Gawande believes his checklist has already saved at least one life in his operating room, where he performs eight to 10 procedures a week. Like many doctors, he resisted using it at first. "I thought, 'Oh, I've got to do this checklist because I designed the thing.' I didn't expect to see a difference."

However, in one case where he was preparing to remove an adrenal tumor, the anesthesiologist realized during the checklist rundown that extra blood might be required but was not on hand. The blood was delivered to the OR — and the patient did need it during surgery. "I'm convinced that the fact that the anesthesiologist caught that was what saved this man's life," Gawande says, adding that his team averts at least one potential problem via the checklist every week.

Whether these changes can be sustained over time is another question. Gawande and his colleagues note in the study that a phenomenon called the "Hawthorne effect" may be largely responsible for the checklist's success. The effect was named for a series of experiments designed to determine how to increase productivity at a factory in Chicago. All of the tactics implemented by the study leaders improved worker output during the experiments — but researchers realized that the effect they were really measuring was a boost in motivation among workers who knew others were watching.

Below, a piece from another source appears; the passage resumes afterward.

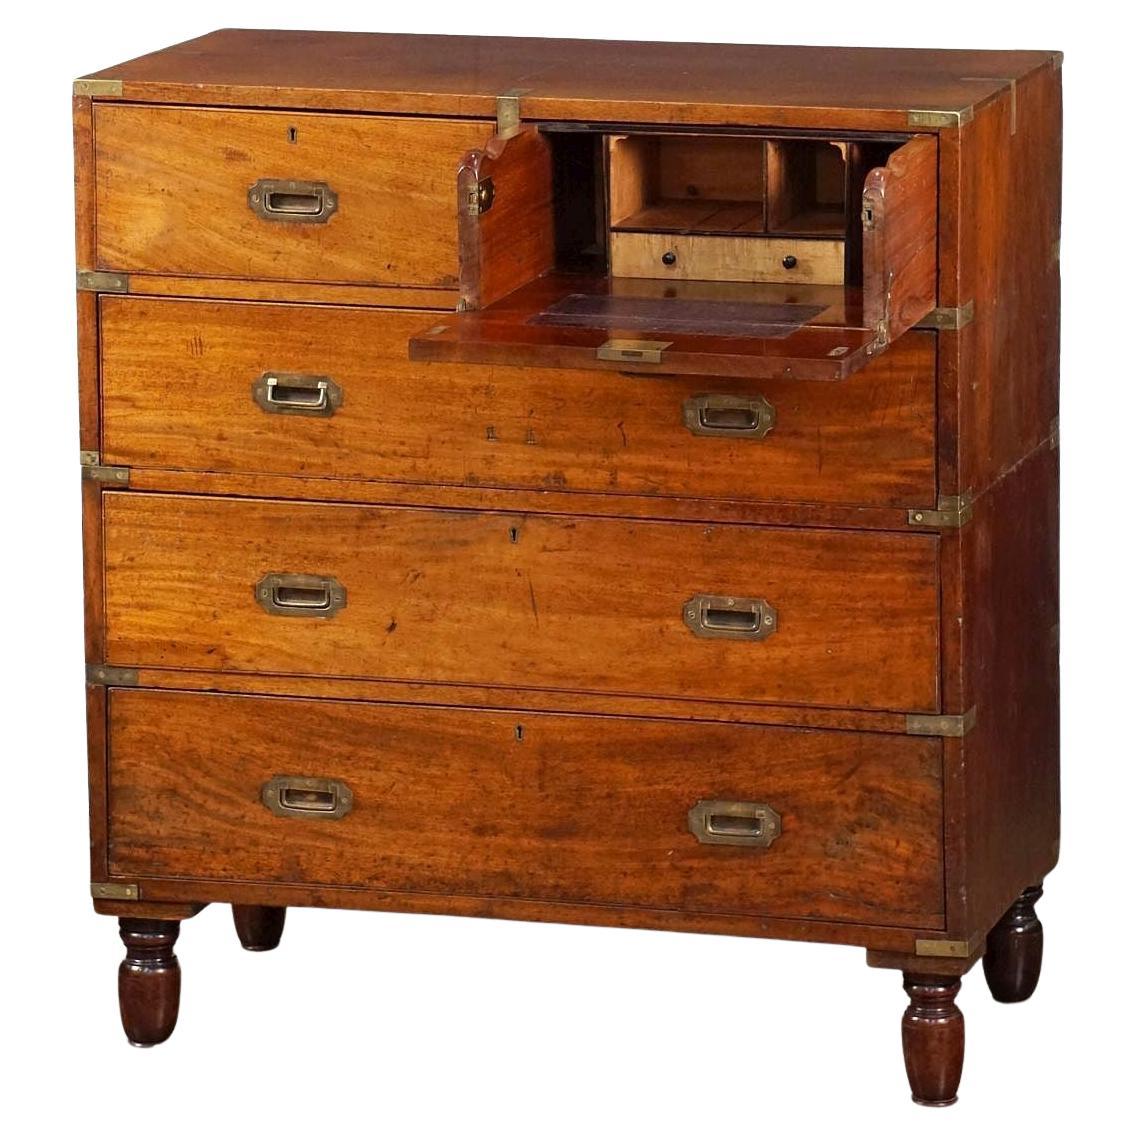 Campaign Chest Secretary of Brass-Bound Mahogany for British Military Officer

"The checklist is kind of an effort to produce a consistent Hawthorne effect," says Gawande. "It is intended to make people aware that other people expect these things to be done." Researchers checked whether teams behaved differently when the researchers were present and when they were not and found no difference.

As a result of the findings, Gawande says, the U.K.'s National Health Service sent an alert to all of its hospitals, calling on them to use the surgical checklist. Five U.S. states — New York, Washington, North Carolina, South Carolina and Indiana — have endorsed it and plan to require hospitals to use it.

That's quite different from the initial federal response to Pronovost's lists. In 2003 Pronovost persuaded the state of Michigan to use three of his checklists in its intensive-care units. He worked with hospitals to overcome resistance from the staff to what appeared to be "more paperwork." He published the results of that study in the New England Journal of Medicine: a 66% reduction in infections and an estimated $175 million saved by not having to treat them.

But the federal Office for Human Research Protections (OHRP) did not approve. After Pronovost was profiled in the New Yorker by Gawande in 2007, OHRP shut down data collection for the checklist study, claiming that it amounted to research being done without patients' informed consent. But the ensuing media attention spurred Congress to intervene, and Pronovost's program was allowed to continue and expand.

Gawande and Pronovost agree that checklists can be faulty and that they need to be studied carefully before and during implementation. "Safety should be a patient's right," says Pronovost. "If you are going to ask doctors to give up their autonomy and accept these standards, they have to be based on sound science and implemented wisely."